■ Your goal: The listing below should be printed in full and exactly, apart from its images.

■ Provided data:
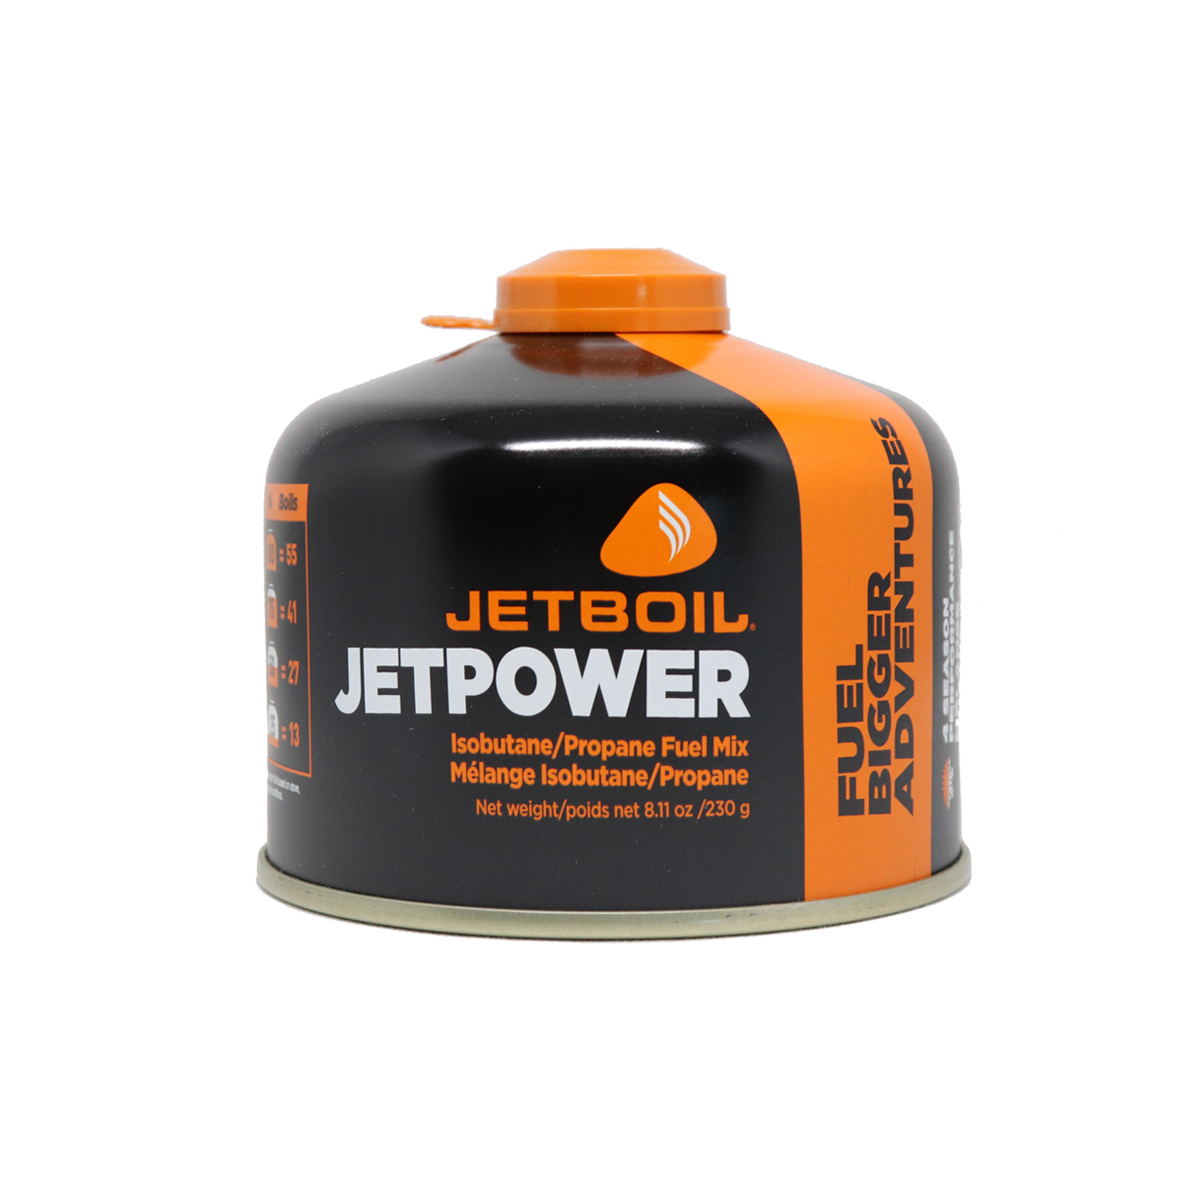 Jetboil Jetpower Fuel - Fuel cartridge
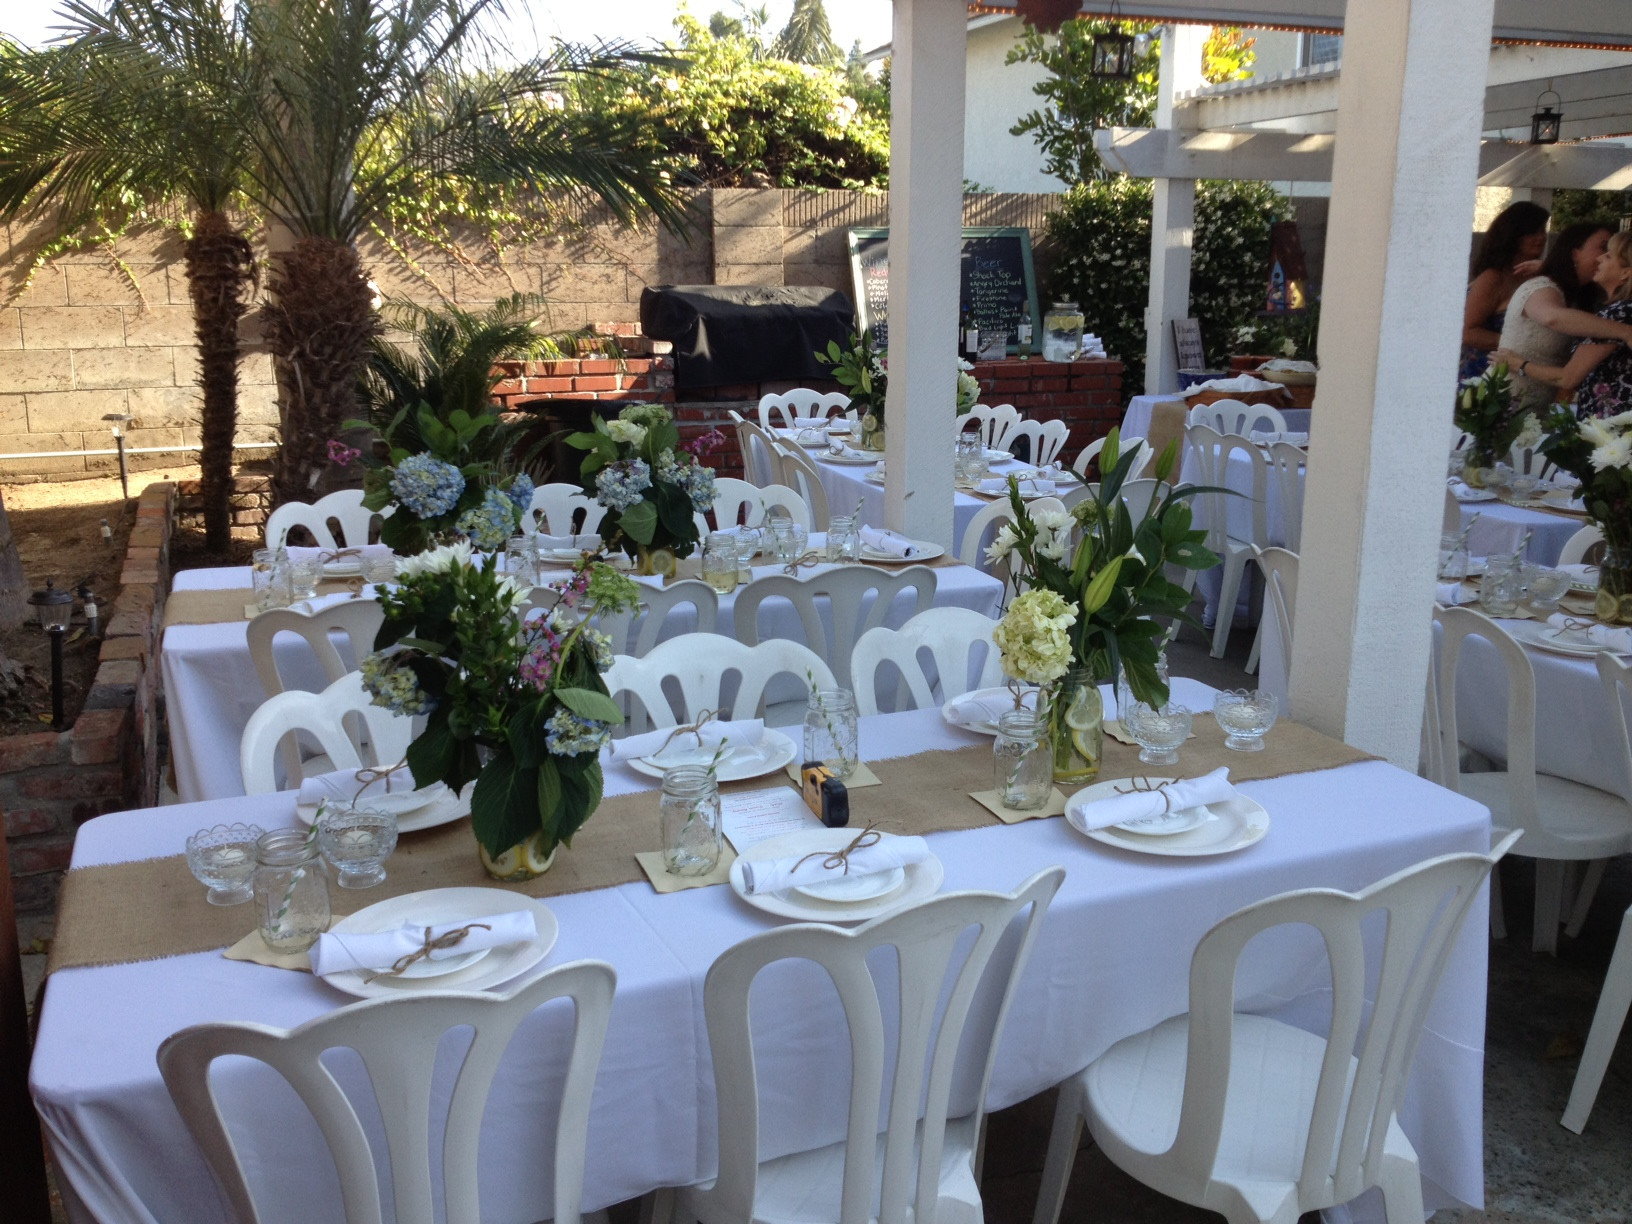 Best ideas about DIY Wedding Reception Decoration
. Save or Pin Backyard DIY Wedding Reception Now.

■ Response to this task:
 Jetboil Jetpower Fuel - Fuel cartridge
 Best ideas about DIY Wedding Reception Decoration
. Save or Pin Backyard DIY Wedding Reception Now.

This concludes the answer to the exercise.